I am not going to rehearse here the debate over party driven outcomes in mediation. I think most mediators understand and accept that the parties should determine the outcome, not the mediator – or the lawyers.
The difficulty lies in determining who decides – lawyer or client. Because for most lawyers, including plaintiff lawyers using some shockingly bogus arguments, NDAs have become an unthinking default part of settlement agreements.
Candid lawyers now acknowledge that up to 95% of civil settlement agreements include an NDA or other approach to silencing the claimant (eg a non-disparagement clause, such as in the hypothetical “release” above). There have been some so far limited and thus far ineffectual efforts to steer lawyers away from indefinite, all-embracing NDAs, for example by the Solicitor’s Regulatory Authority in England and Wales.
But this practice implicates mediators too.
Implications for mediators
I am alarmed at the spread of gagging agreements and almost as alarmed at the fact that this is happening in mediation, every day. Among all the individuals I have spoken to about signing an NDA, none understood the implications of what they were signing, all felt bullied and coerced and all regretted it.
Should mediators be facilitating agreements that are oppressive and potentially unenforceable – for duress, lack of informed consent, public policy, or all three? NDAs are the result of an unequal bargaining relationship and a false ultimatum – you must sign to settle – and as mediators we need to recognize this and proceed with caution when one side might use mediation to take advantage of the other.
I believe that mediators should at minimum be taking special care to ensure that complainant/ plaintiff parties fully understand the implications of signing an NDA and appreciate its scope and its longevity (unlike other types of traditional restraint provisions, NDAs are indefinite). What is more, many complaints process now require an NDA before participation and again mediators will potentially facilitate this (it may be in their terms of mediation, or if transacted separately with the organization or administrative body, a pre-requisite for mediation).
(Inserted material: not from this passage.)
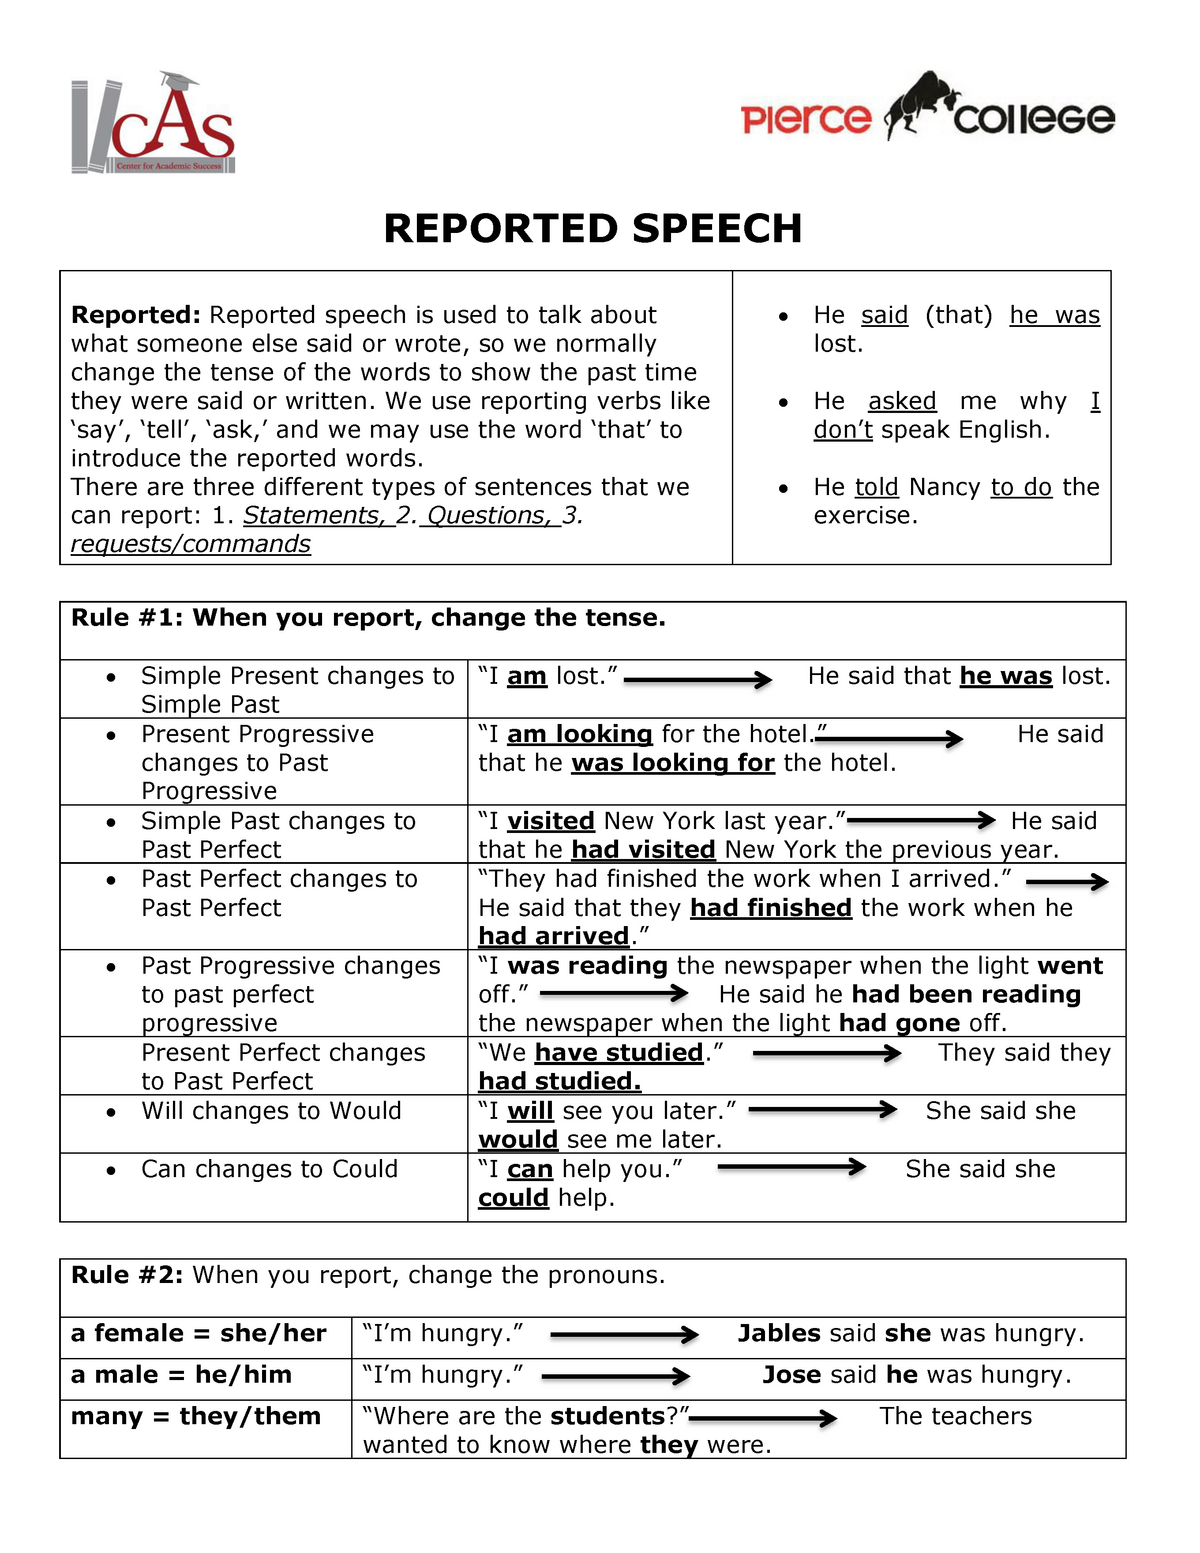 reported speech orders and requests exercises pdf
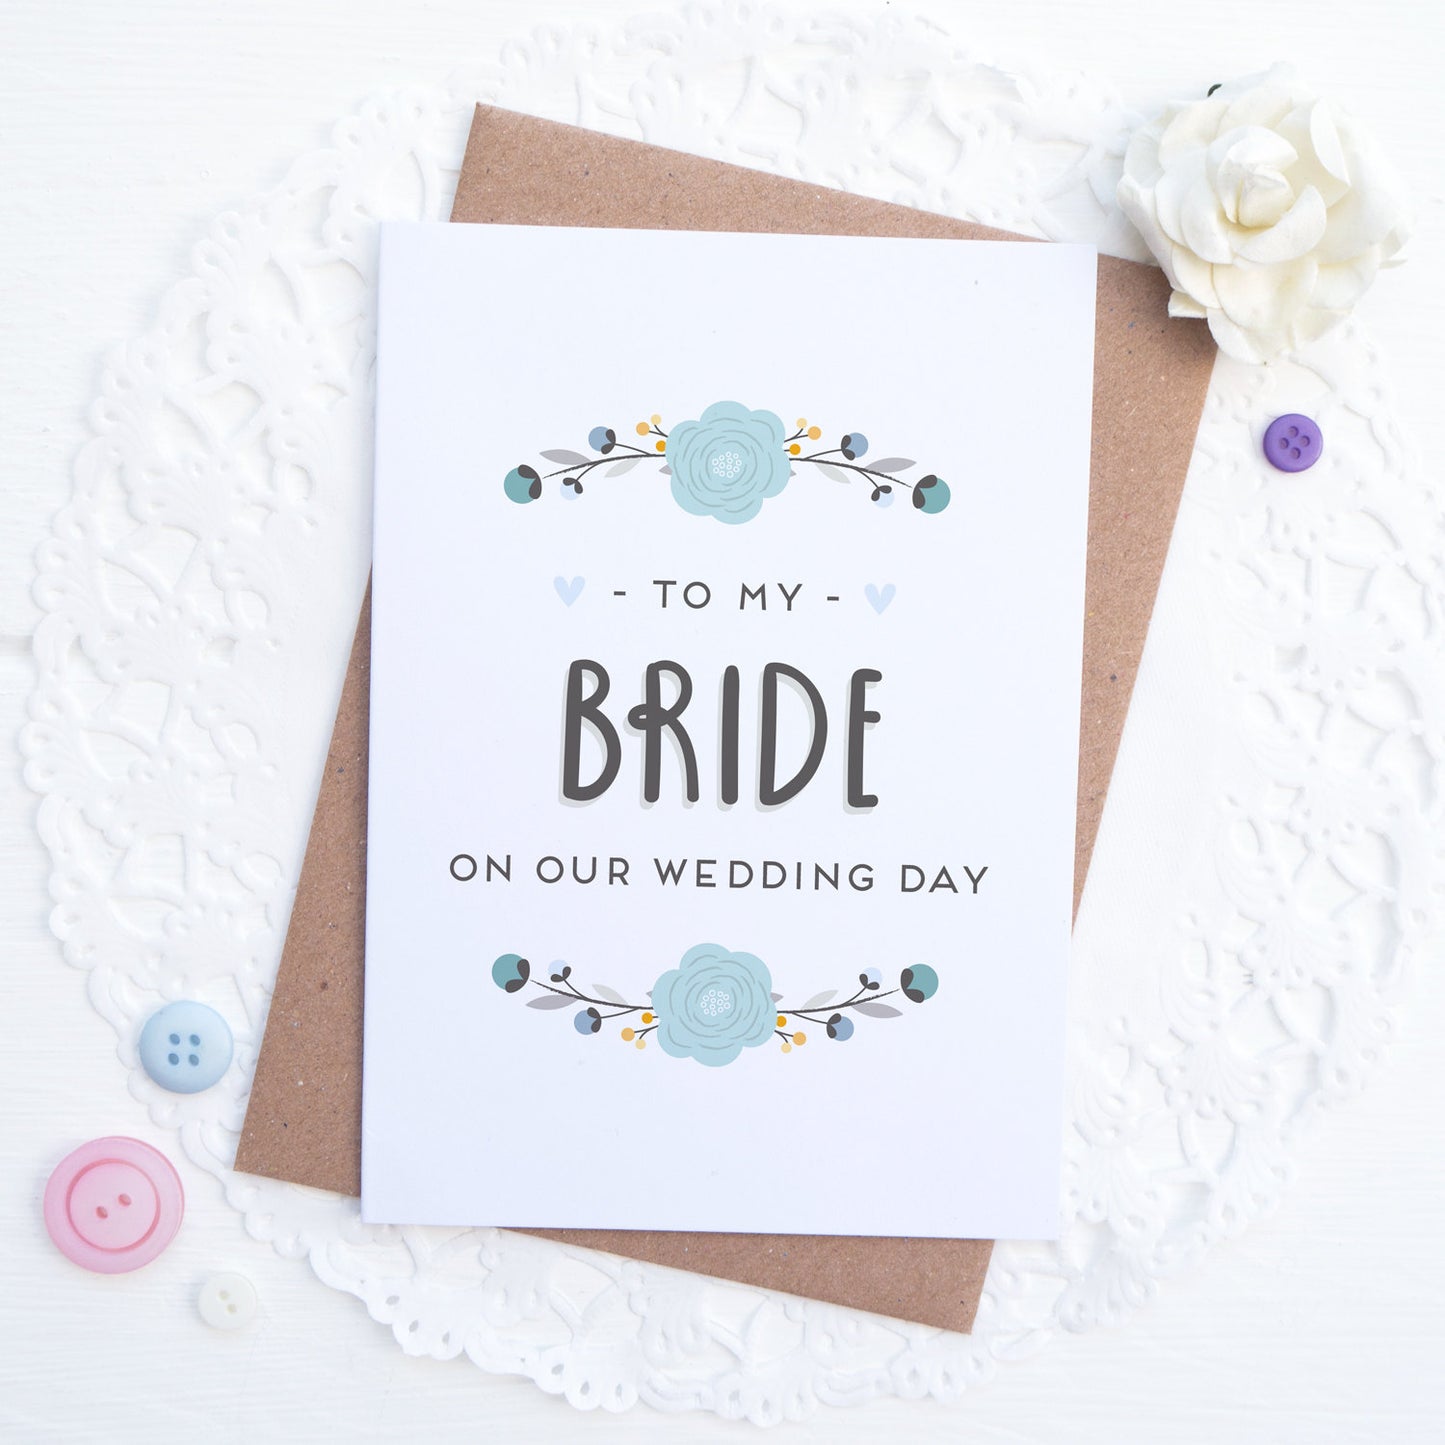 To my bride on our wedding day card in blue

There is an important role and opportunity here for the mediation community, to step up and take a principled, professional stance on NDAs that clearly distinguishes what we do to try to help parties resolve disputes from a transactional, expedient, approach to settlement. In an upcoming campaign to ban NDAs other than for trade secrets (which I have initiated with my co-founder Zelda Perkins) I hope mediators will come forward with their support for our campaign (the website will shortly be live). The current system relies on the complicity of mediators in making these oppressive bargains and I hope that we can separate ourselves from what is soon going to be a reckoning as pressure builds for legislative reform.
I hope that most of my fellow mediators believe that complainants should be able to speak up and that this right is intrinsic to the work we do. How do we square that commitment with allowing vulnerable parties to bargain that right away?